The bridge-in-a-weekend replacement scheme has proven very successful for conventional bridges: highway, railroad, road crossing, and river crossing. Massachusetts in particular has made good use of it to put a dent in its maint backlog, including on the Fairmount Line commuter rail.
But there is a biiiiiiiiiiig difference between that prefab I-84 bridge and a movable span over a major navigable river. For one, staging space. You have to assemble each span of the bridge whole and be able to set up cranes and jacks to slide it into place. That takes an enormous amount of side room, which is usually available around suburban highways but not so much around densely-packed downtowns and especially densely-packed downtown waterfronts. There's zero room (esp. on the west shore) on the sides of the Norwalk River to stage anything for a replacement, much less a replacement containing all the movable-span machinery. Second, you'd never be able to swap out a replacement deck onto the same pilings here like you would a cookie-cutter 1950's highway bridge. That doesn't work when the bridge is quite this old and would need major remediation work on the supports. This is why the replacements of all remaining NEC movable spans call for the new bridges to be constructed adjacent to the old instead of on top of the old one rail deck at a time...all-new pilings needed as well. They've pretty much replaced all the bridges whose new decks can feasibly be plopped on the same supports...the really hard ones are the only ones left to go.
And finally, the bridge is unreliable in large part because it's an outdated swing design on a river that no longer has water traffic fitting the profile of a swing's specialty. They want to replace it with a fast-opening lift span that has redundancy for lifts one pair of tracks at a time. Lifts work great over navigable rivers where there isn't a need for particularly tall ships...they go up and down fast and can go up to adjustable height instead of all-or-none, don't have a lot of moving parts and aren't as failure-prone or maintenance-heavy as swings or bascules, are (relatively) cost-efficient to build compared to other types, the decks can be much heavier and more durable to maintain without requiring oversize counterweights, and they allow for a wide water channel with least risk of barge strikes because all the parts get stuffed vertical in the towers. For the Norwalk River this is ideal: it still has lots of short barge traffic, but only a little bit of recreational traffic north of the harbor. A lift would significantly widen the channel and let the boats get in and out faster when it's open, in addition to being superior for rail traffic. If they've got to do a permanent fix...it's best to do it as a lift instead of another swing.
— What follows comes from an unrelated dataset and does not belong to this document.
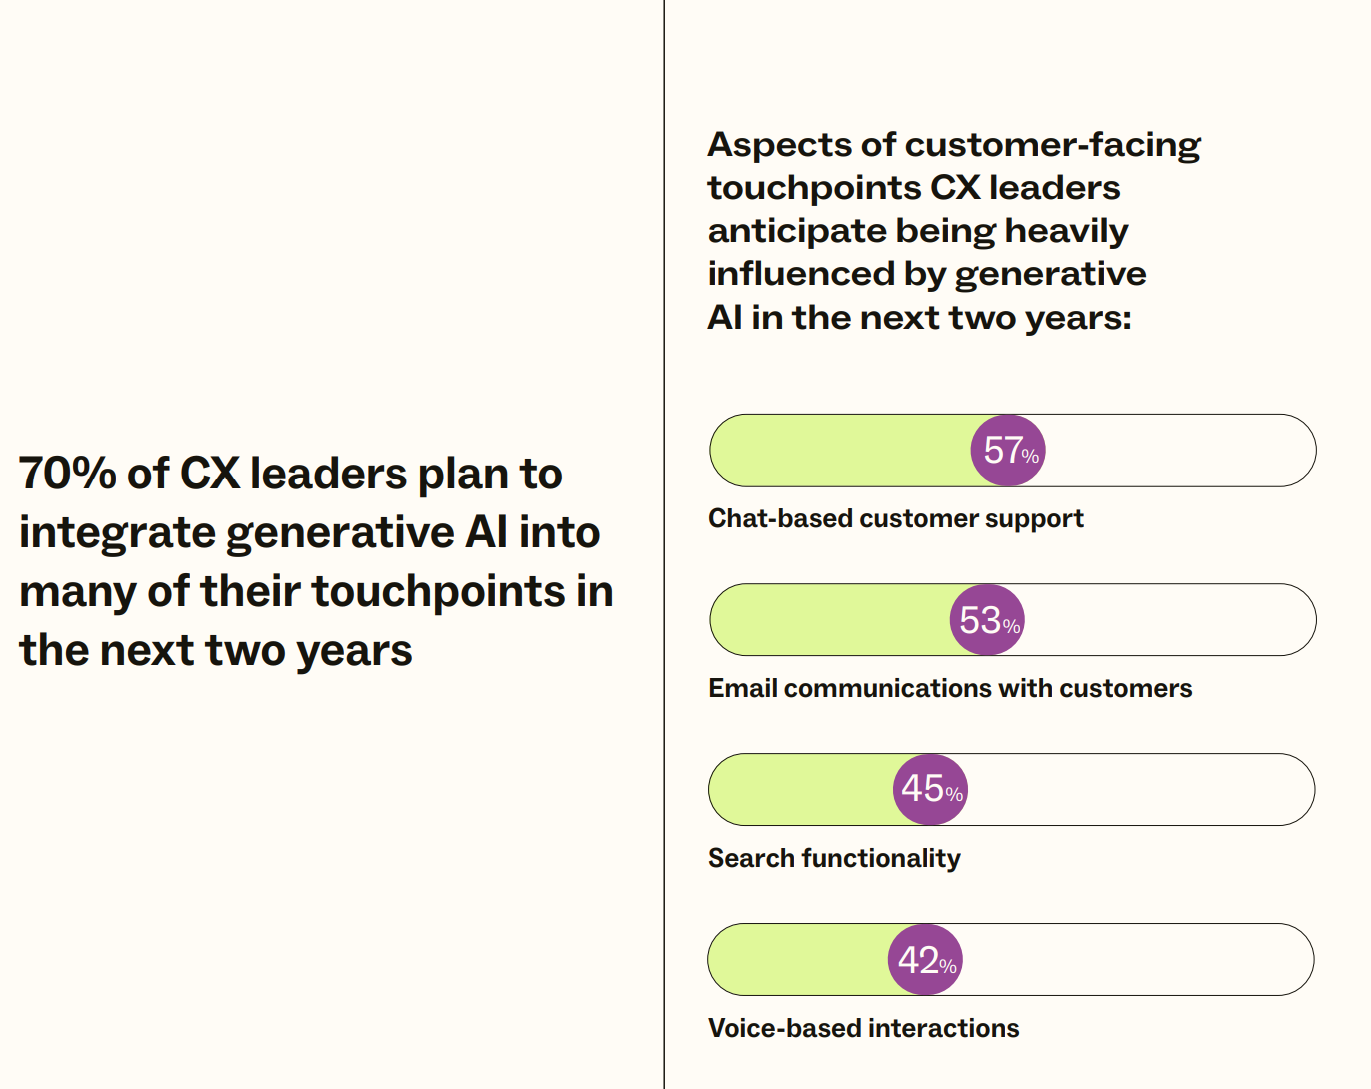 CX touchpoints CX leaders think will be heavily influenced by AI

BTW...modern swings work best when you've got heavier traffic of tall--but not wide or heavy--boats that need to keep an orderly pace to "the side of the road" when passing each other. Mystic River and Colt's Cove, New London, have those 1984-construction swings on the NEC right by large recreational docks. Lot of taller-mast sailboats that go in and out of the coves near the same time of day and have to form a queue on either side of the bridge to pass each other simultaneously during openings, but not a lot of openings on off- boating hours, offseason, or with anything time-sensitive on a set schedule. They're small boats, not barges, so the bridge-strike risk is minimal and the passing quenes can be allowed to line up before an opening. And because of the strictly rec. nature of the boating if the swing is having mechanical trouble and has to stay in the closed position as fail-safe while being serviced, the rec. boat owners are expected to suck it up and go elsewhere. Whereas you can't really tell a commercial barge, ferry, or the military to go bring their pickup truck to the nearest dock and take their boat out of the water if the swing is temporarily out-of-service.
Everywhere else on the Sound the preference is for lifts (like the Thames River bridge was retrofitted into) or generic bascules (CT River bridge replacement), because those can be built with the span-per-track redundancy and fit the profile of the relatively modest water traffic of the navigable rivers on the NEC. And that's why--when they've only got one shot to do it--they go for purging the swings everywhere except for those 2 specific recent-construction ones in New London County that fit a very specific boat traffic niche.